4. Les témoins crédibles
Ce n’est pas sans raison pour nous religieux que parmi les témoins crédibles que les
lineamenta nous présentent comme exemple, presque tous sont des religieux: Saint
Patrick, Saint Boniface, Saint François-Xavier, Saint Damien De Veuster et aussi une
femme, une religieuse: la Bienheureuse Mère Teresa de Calcutta.

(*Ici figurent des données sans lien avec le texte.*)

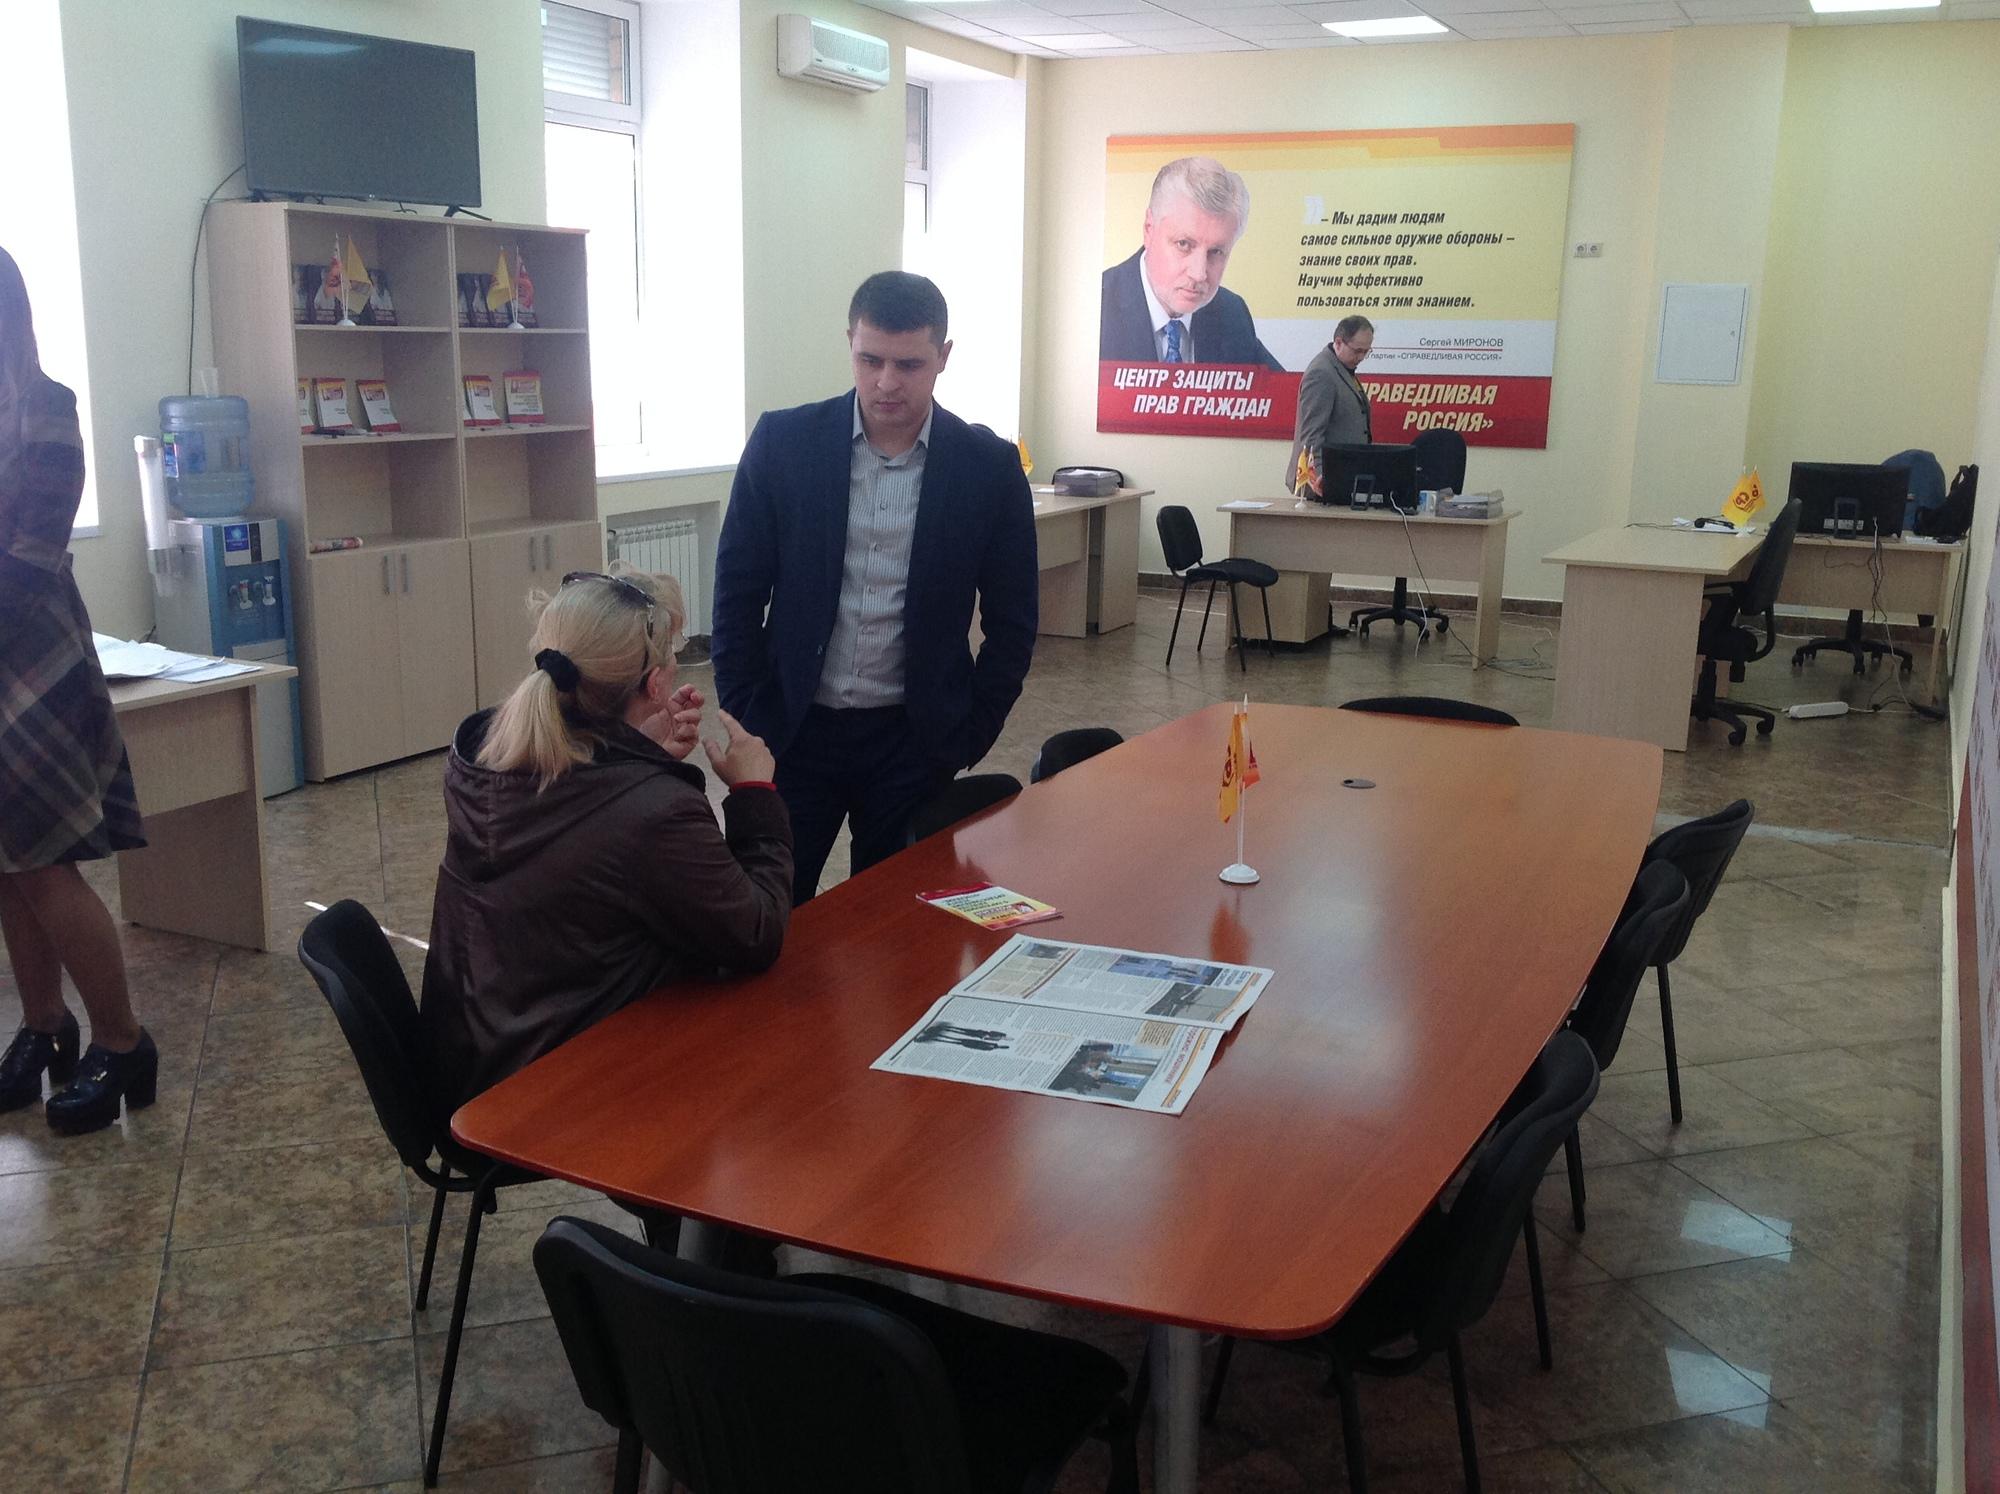 Документы для кредита в москве Новоподмосковный 2-й переулок купить трудовой договор Предтеченский Большой переулок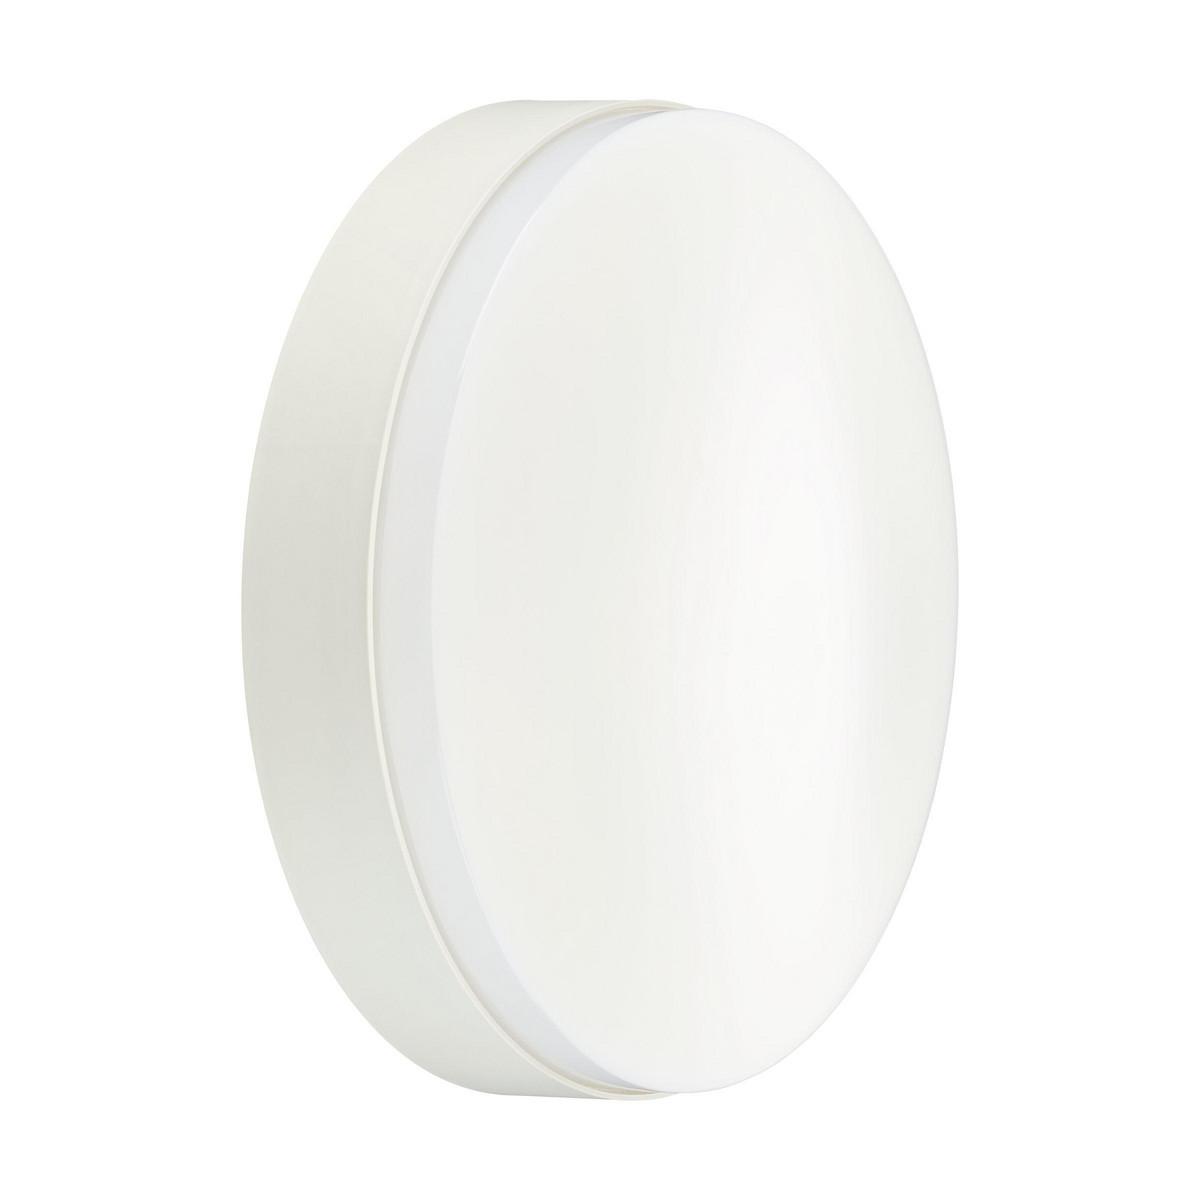 CoreLine Væg/loft Gen2 WL131V 3400lm/830 36W DALI Ø480 Hvid

Cela veut dire que les religieux et les religieuses, comme par le passé, sont aujourd'hui
aussi directement responsables dans l’évangélisation, dans la nouvelle évangélisation
parce que la nouvelle évangélisation «est surtout un devoir spirituel. C'est une tâche
qui incombe à tout chrétiens appelés à la sainteté». Elle demande que nous sachions
parler les langages de notre temps, annonçant ainsi de l'intérieur les raisons de
l'espérance qui nous anime (22). Cela ne vient pas spontanément. Nous devons étudier,
prier, collaborer, impliquer d’autres que nous. La vie religieuse porte en soi les
possibilités pour créer ces lieux.
5. Conclusion
Je ne sais pas si les religieuses sont interpellées vu que «les Lineamenta» sont envoyés
aux Synodes des Évêques, aux Conférences Episcopales… et à l'Union des Supérieurs
Généraux, mais cela ne nous empêche pas - comme religieuses – d’apporter notre
contribution spirituelle charismatique à la nouvelle évangélisation, parce que plus que
jamais nous devons nous engager ensemble: laïcs, laïques, religieux, religieuses,
prêtres, adultes, personnes du 3e et 4e âges et jeunes, en nous rappelant la parole de
Helder Camara: «Lorsqu’une personne rêve toute seule, son rêve reste un rêve, mais si
nous rêvons ensemble avec d’autres, notre rêve peut devenir réalité».
C’est ce que nous souhaitons, en demandant par l’intercession de Marie que la force de
l’Esprit Saint anime la Nouvelle Evangélisation.